David Sirota articulates here what I've sadly come to acknowledge.
Elizabeth Kubler Ross gave us The Five Stages of Grieving. It is an incremental, slow, sometimes halting process. I haven't got to the final stage, Acceptance, yet, and am stuck somewhere between Stage 2, Anger and Stage 4, Depression. I've clearly passed Stage 1, Denial, and don't remember much about Stage 3, Bargaining, except I tried to be patient with Obama, though less patient with Congress.
I listened to my Obama loyalist friends who have been more patient than I, that he's only been president for(name the number of months of your choice) and that it takes a lot of time to turn the Queen Mary around in her berth. But the captain and his crew have not even loosened the dock lines. They are not trying to turn things around. We've still got Bush's secrecy, detention and rendition policies in place. Like W, Obama is rewriting laws with signing statements, to cite a few things that we were told would change.
I am one of those who has felt stabbed in the back by Obama and the Democrat Party. They are guilty of false advertising, bait and switch behavior, if not outright fraud and dishonesty.
Neocons are still able to get war funding passed, the Pentagon is still able to keep the president in line. The military/industrial complex still lives and controls The War Department.(The Defense Department is a euphemism). We are doubling down in Afghanistan to keep the unending, by definition, war on terror going.
As I wrote during the campaign, I hoped for, but didn't really expect that we'd see much if any change in DC, regardless of who won the White House and held majorities in both houses of Congress.
Still I hoped.
But it's pretty clear that just as many Democrat as Republican Senators and Representatives compromise their integrity with acceptance of huge campaign contributions from vested interests; defense, energy, health insurance, finance, auto, etc.. These are vested interests in the status quo located all around the country and around the globe.
Here's Ralph Lopez at Truthout on this point.
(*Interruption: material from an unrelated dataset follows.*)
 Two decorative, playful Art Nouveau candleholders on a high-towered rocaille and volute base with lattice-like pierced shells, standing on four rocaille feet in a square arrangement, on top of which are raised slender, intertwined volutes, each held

He cites a 1976 Supreme Court decision which equated money with freedom of speech. He makes the pithy statement that it granted the right to buy your own Congressman, but not expressly mine too.
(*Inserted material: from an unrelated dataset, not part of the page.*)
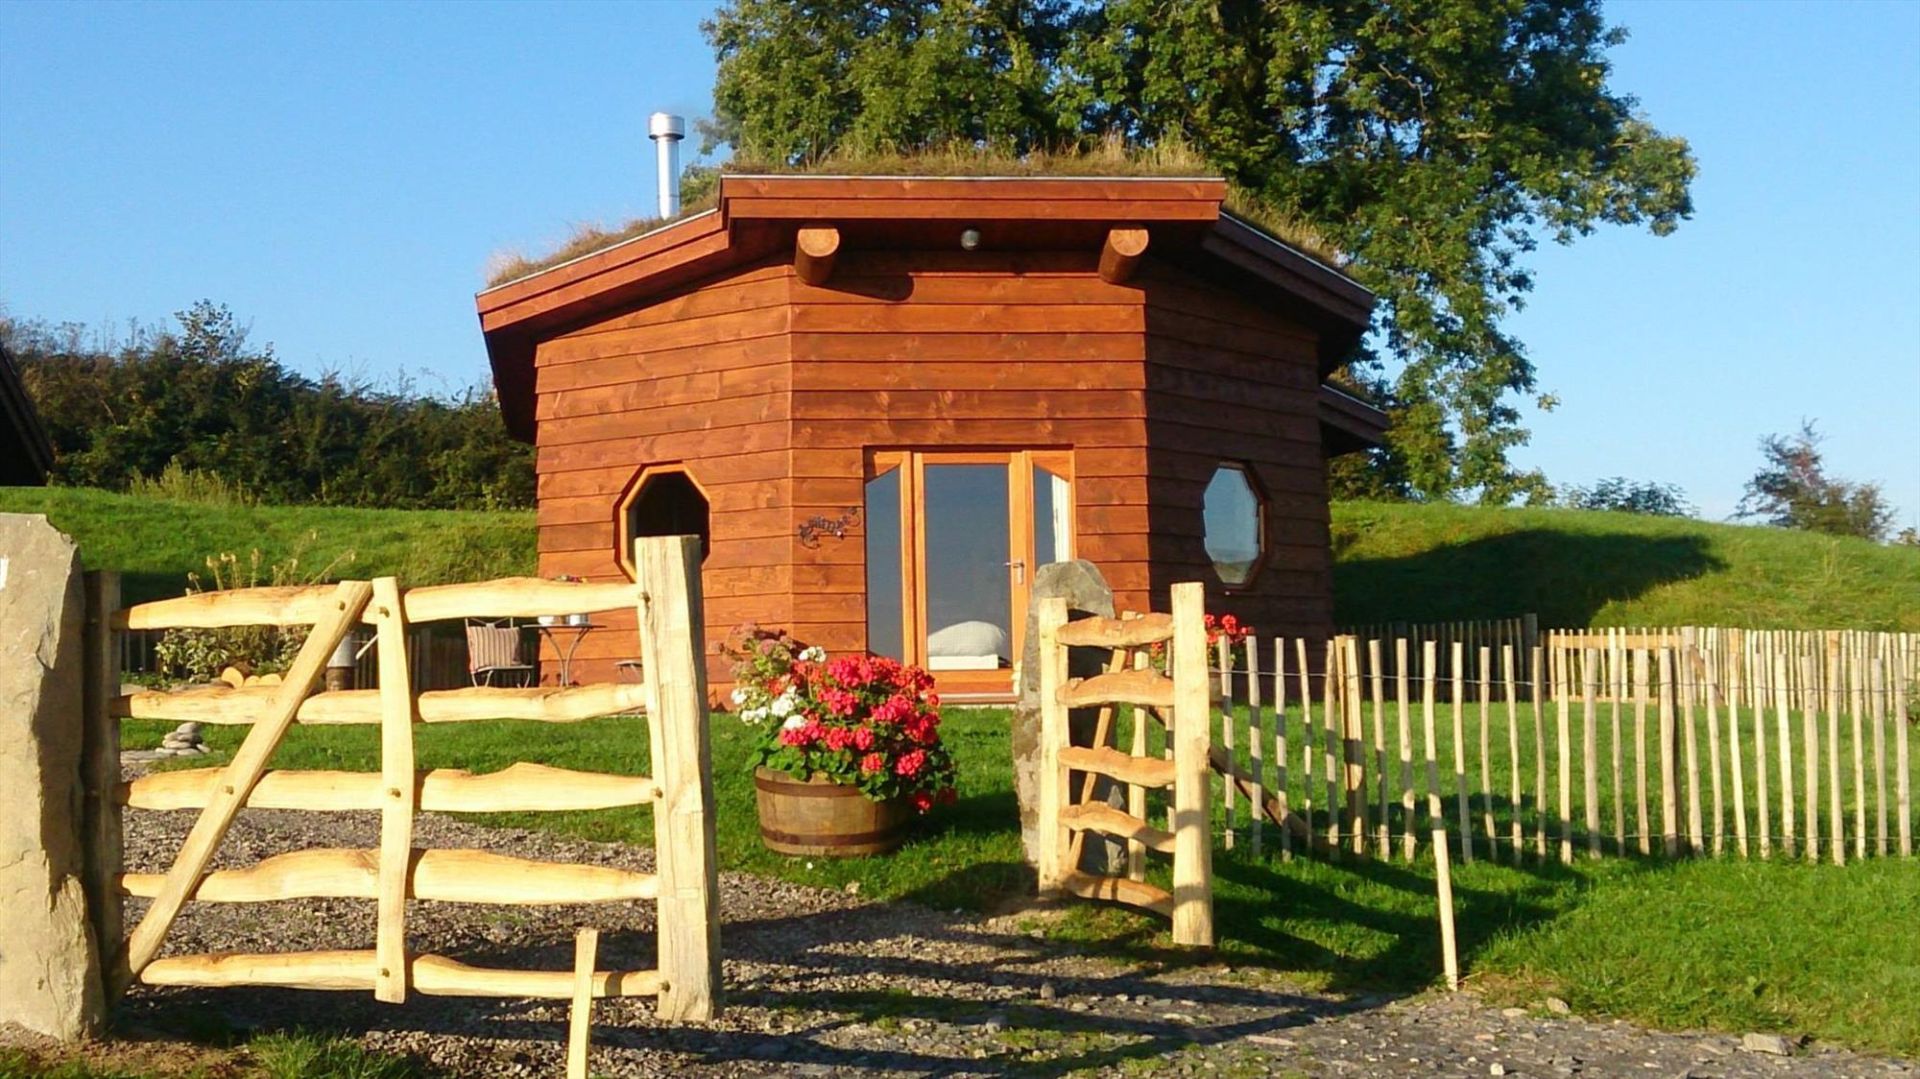 Self Catering Holiday Accommodation In Wales

So the wars roll on, we're still in a Great Recession, unemployment is almost 10%( and that doesn't include people who could work, but have stopped looking for work), nothing substantive is getting done about climate change, the outlook for real improvement in health care is bleak, the financial tycoons are laughing all the way to the plush offices in their banks, the so-called financial regulators are themselves reined in by those they are supposed to regulate, nuclear proliferation seems inevitable, immigration reform isn't even talked about now; and that's just for starters.
It's business as usual in D.C. Follow the money. Them's what has, gets. The more things change, the more they stay the same. So what else is new?, hope for the best but prepare for the worst, and any and all other sayings and shibboleths that come to mind.
Do we just resign ourselves to total and complete cynicism and Depression, Stage 4 or do we find solace in the line from Desiderata, 'No doubt the Universe is unfolding as it should', Stage 5, Acceptance?
The Lighthouse is still on; a beacon to the adrift and illumination for the washed ashore.